▶ WHAT YOU WILL DO
Write out the listing exactly, dropping any picture it contains.

--- SOURCE MATERIAL Enclosed Below ---

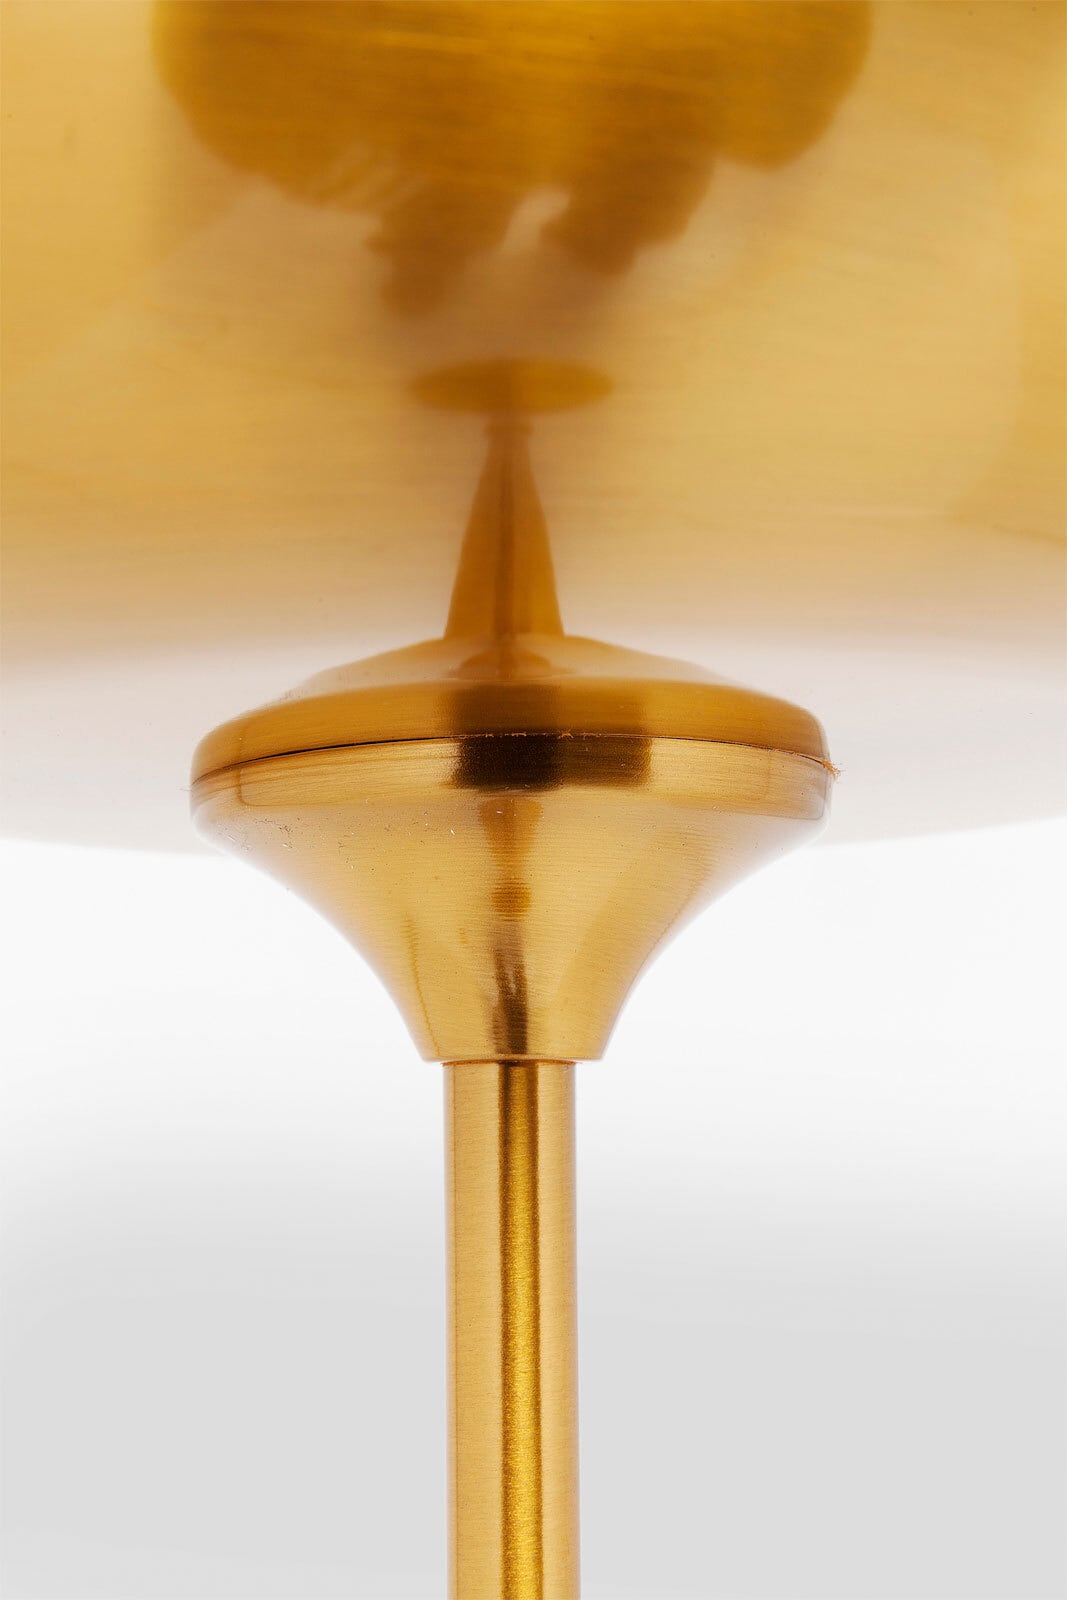 KARE DESIGN Retrofit Stehlampe GLOBLET BALL goldfarbig
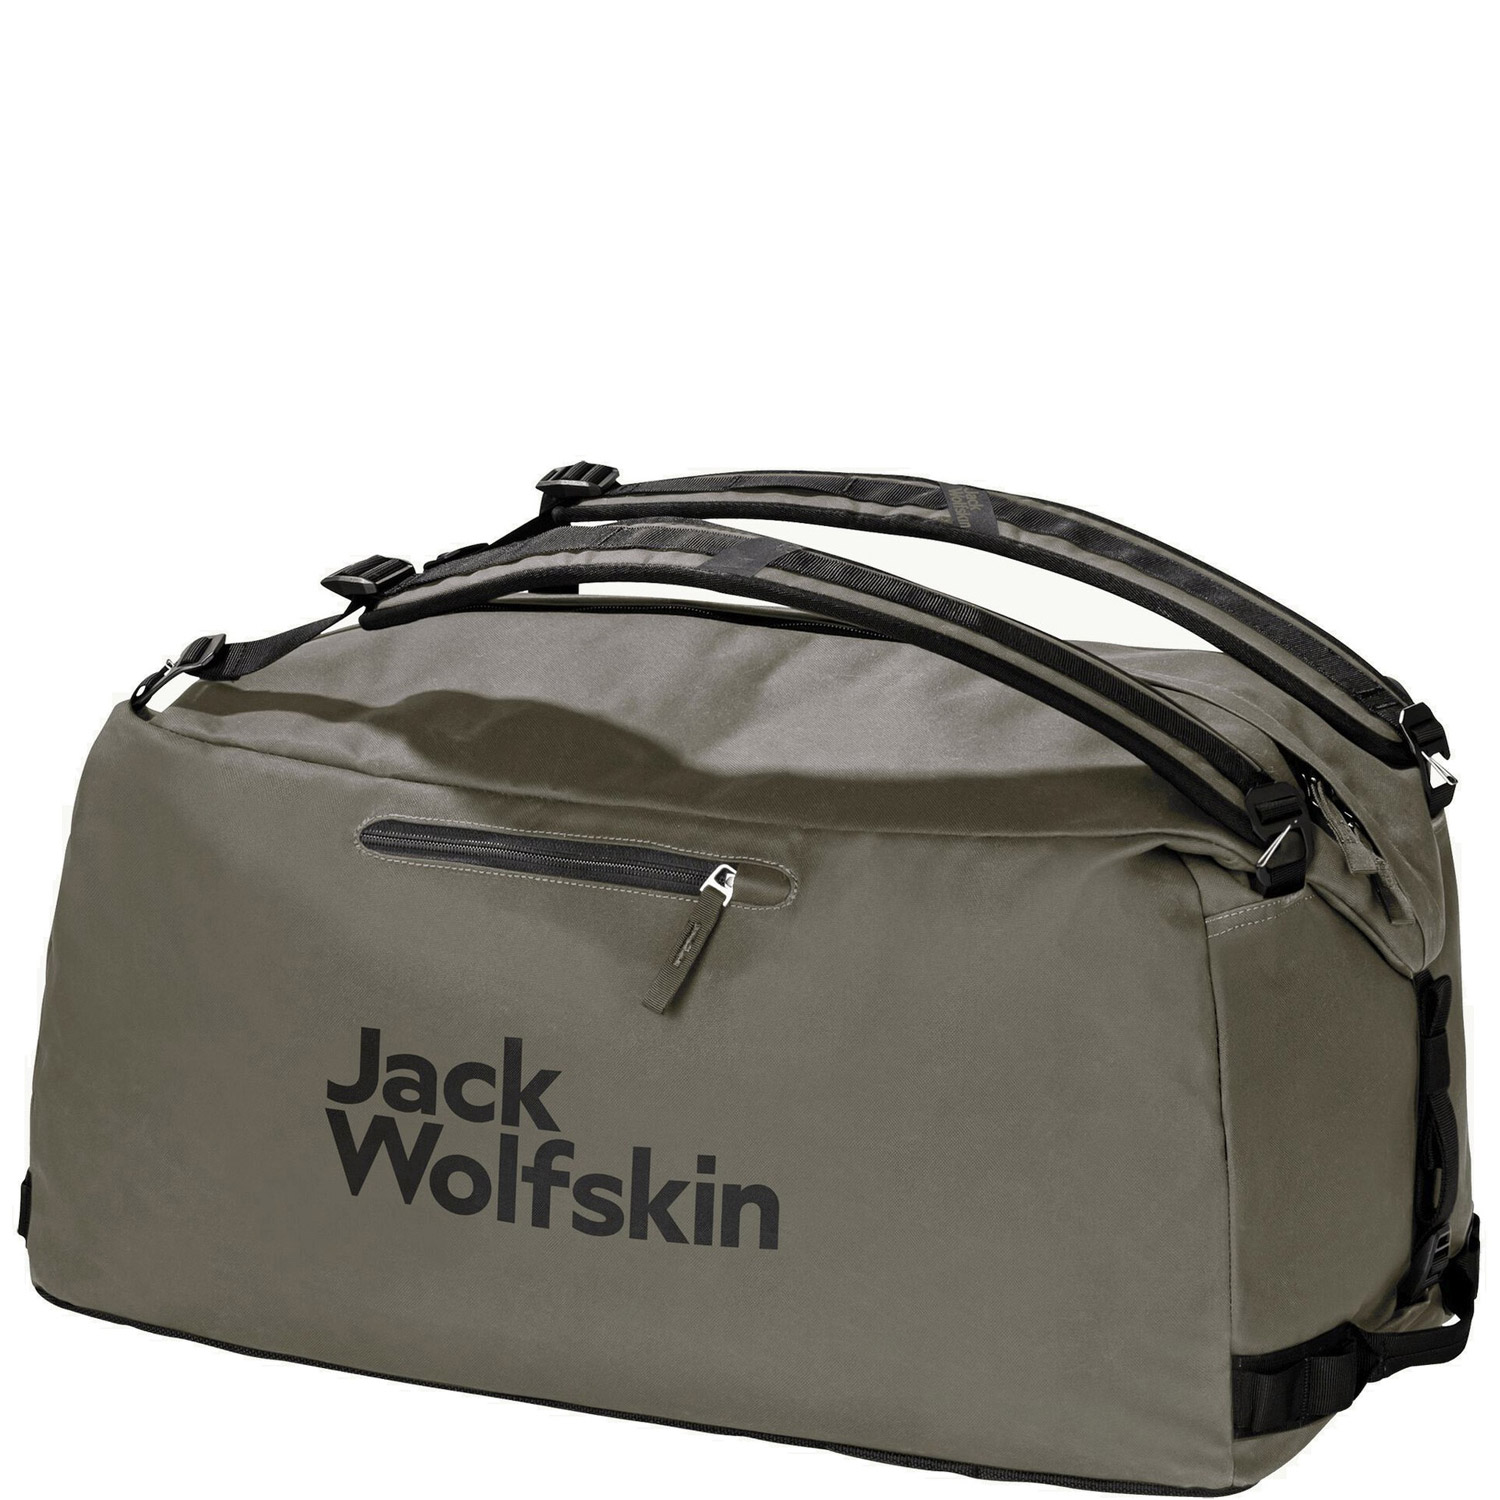 Jack Wolfskin Reisetasche/Rucksack Traveltopia Duffel 65 dusty olive
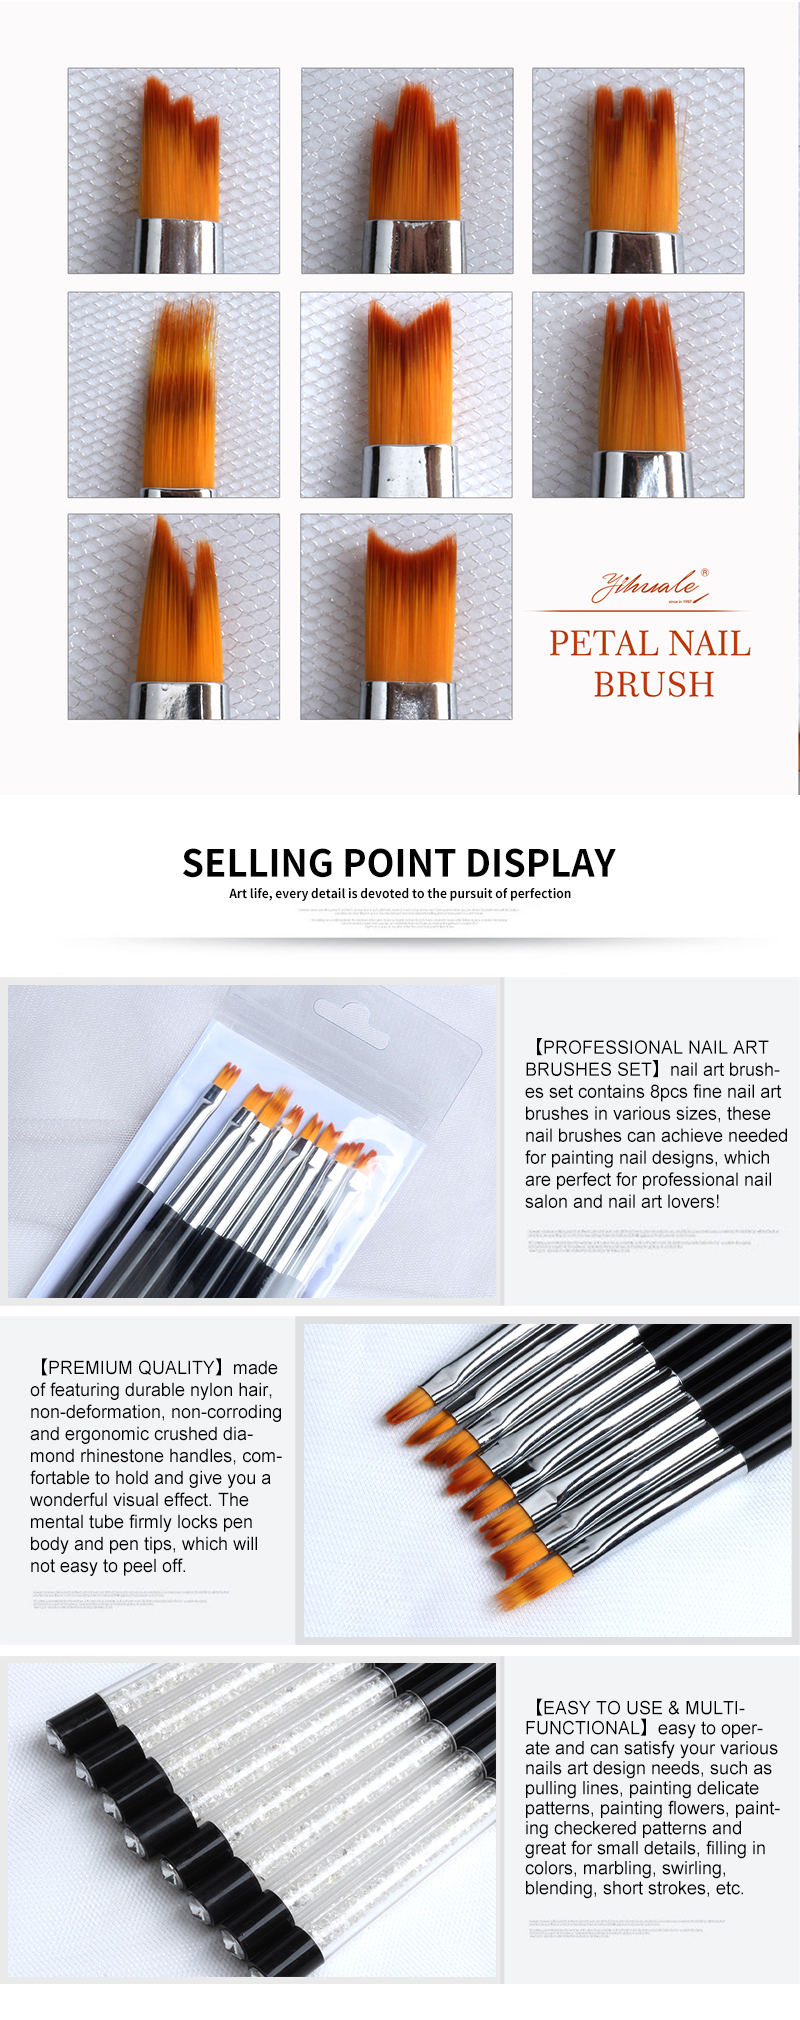 kolinsky sable brushes for acrylic nails

--- End of Enclosed SOURCE MATERIAL ---

▶ RESULT OF THE EXERCISE
 KARE DESIGN Retrofit Stehlampe GLOBLET BALL goldfarbig
 Jack Wolfskin Reisetasche/Rucksack Traveltopia Duffel 65 dusty olive
 kolinsky sable brushes for acrylic nails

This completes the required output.